## [YOUR INSTRUCTIONS]
Copy each line below containing "Center".

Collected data
-=-=-
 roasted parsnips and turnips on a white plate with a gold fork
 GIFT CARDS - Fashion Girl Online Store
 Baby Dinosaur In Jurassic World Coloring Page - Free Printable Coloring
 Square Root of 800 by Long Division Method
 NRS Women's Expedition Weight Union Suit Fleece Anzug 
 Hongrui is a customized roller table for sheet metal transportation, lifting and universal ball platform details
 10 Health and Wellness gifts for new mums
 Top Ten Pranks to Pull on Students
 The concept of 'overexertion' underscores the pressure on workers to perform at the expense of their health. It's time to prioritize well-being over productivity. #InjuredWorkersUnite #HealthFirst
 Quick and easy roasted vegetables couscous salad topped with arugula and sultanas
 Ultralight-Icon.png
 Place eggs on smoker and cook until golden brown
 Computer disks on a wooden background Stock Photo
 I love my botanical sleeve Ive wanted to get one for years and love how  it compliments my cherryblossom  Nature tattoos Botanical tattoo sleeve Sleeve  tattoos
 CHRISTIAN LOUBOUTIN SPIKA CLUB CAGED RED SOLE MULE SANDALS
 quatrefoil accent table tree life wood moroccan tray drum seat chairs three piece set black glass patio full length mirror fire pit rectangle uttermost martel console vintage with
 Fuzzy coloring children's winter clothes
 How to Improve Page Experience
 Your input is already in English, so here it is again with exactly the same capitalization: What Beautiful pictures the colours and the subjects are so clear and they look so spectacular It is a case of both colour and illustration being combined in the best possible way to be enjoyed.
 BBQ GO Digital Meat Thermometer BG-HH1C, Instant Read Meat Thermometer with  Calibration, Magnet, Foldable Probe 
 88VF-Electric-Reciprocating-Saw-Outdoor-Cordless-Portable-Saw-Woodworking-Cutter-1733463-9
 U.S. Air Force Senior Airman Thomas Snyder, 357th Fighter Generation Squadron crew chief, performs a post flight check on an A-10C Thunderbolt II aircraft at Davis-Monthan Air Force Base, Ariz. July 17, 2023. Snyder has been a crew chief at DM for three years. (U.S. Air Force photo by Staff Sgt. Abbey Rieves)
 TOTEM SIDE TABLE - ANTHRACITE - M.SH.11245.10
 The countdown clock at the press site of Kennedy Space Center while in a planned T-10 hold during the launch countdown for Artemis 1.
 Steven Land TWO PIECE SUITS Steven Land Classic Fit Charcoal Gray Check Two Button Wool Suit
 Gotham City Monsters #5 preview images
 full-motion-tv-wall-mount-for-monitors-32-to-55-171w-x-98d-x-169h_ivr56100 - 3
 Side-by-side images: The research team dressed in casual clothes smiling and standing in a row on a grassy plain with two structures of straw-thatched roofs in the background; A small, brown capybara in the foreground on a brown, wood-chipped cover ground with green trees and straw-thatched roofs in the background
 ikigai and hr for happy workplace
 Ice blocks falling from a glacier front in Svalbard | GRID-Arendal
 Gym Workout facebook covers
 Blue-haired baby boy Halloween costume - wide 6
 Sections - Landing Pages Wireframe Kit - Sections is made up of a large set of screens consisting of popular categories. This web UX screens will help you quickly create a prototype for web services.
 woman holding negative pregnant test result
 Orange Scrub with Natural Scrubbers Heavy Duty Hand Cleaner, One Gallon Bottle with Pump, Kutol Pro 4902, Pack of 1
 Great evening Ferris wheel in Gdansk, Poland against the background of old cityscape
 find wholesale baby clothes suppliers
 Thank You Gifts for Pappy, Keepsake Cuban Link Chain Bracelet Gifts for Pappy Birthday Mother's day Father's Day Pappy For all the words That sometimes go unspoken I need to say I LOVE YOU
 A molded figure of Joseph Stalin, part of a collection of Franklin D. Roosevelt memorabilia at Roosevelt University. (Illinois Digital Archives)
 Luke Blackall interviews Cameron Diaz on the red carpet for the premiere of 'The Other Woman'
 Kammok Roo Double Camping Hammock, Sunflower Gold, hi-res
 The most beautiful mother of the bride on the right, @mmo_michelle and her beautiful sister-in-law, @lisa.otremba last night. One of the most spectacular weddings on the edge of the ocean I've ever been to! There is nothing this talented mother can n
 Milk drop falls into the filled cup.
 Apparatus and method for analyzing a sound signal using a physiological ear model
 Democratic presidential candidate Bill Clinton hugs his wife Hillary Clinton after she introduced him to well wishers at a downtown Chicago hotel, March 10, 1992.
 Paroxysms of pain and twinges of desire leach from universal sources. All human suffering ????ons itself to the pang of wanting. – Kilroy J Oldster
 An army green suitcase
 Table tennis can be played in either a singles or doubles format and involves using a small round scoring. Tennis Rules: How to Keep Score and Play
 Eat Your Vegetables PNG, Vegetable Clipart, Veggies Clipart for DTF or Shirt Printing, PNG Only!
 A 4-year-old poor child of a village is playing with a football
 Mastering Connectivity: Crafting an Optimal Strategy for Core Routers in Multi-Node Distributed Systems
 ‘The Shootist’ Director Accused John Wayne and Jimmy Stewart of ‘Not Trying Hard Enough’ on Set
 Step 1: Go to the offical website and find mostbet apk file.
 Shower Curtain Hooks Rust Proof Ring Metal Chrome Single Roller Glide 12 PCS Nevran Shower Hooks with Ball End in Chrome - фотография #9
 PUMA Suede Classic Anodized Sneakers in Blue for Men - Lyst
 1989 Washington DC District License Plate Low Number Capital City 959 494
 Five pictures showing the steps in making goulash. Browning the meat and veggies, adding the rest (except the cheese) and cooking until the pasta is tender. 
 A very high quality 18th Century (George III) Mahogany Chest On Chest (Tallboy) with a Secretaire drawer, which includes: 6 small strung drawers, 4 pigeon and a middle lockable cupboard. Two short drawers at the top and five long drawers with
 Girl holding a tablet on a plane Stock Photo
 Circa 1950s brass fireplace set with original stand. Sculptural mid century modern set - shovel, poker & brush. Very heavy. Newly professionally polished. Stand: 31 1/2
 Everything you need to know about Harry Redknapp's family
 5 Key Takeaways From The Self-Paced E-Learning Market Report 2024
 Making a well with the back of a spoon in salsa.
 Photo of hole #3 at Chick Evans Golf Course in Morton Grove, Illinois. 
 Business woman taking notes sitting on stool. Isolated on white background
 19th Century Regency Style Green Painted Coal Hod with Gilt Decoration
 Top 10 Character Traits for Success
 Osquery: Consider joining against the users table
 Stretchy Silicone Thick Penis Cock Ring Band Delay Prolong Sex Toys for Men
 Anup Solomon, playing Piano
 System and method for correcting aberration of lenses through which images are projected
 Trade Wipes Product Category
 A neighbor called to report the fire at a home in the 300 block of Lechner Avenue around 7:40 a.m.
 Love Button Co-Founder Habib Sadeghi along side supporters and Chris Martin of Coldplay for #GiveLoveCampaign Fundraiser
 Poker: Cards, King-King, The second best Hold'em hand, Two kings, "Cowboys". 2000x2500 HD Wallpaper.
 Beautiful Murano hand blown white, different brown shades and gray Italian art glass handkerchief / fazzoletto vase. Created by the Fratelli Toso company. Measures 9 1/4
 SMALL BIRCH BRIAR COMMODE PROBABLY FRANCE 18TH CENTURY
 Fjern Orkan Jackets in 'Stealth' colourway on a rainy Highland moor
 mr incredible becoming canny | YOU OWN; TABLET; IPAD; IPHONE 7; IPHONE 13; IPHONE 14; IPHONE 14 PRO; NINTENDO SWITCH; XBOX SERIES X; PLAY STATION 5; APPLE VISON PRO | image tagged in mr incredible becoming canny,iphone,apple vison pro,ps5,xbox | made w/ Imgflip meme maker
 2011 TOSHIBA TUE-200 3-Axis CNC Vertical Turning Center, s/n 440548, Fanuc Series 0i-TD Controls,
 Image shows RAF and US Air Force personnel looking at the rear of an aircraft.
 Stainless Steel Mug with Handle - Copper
-=-=-
## [RESULT FOR THIS EXERCISE]
 The countdown clock at the press site of Kennedy Space Center while in a planned T-10 hold during the launch countdown for Artemis 1.
 2011 TOSHIBA TUE-200 3-Axis CNC Vertical Turning Center, s/n 440548, Fanuc Series 0i-TD Controls,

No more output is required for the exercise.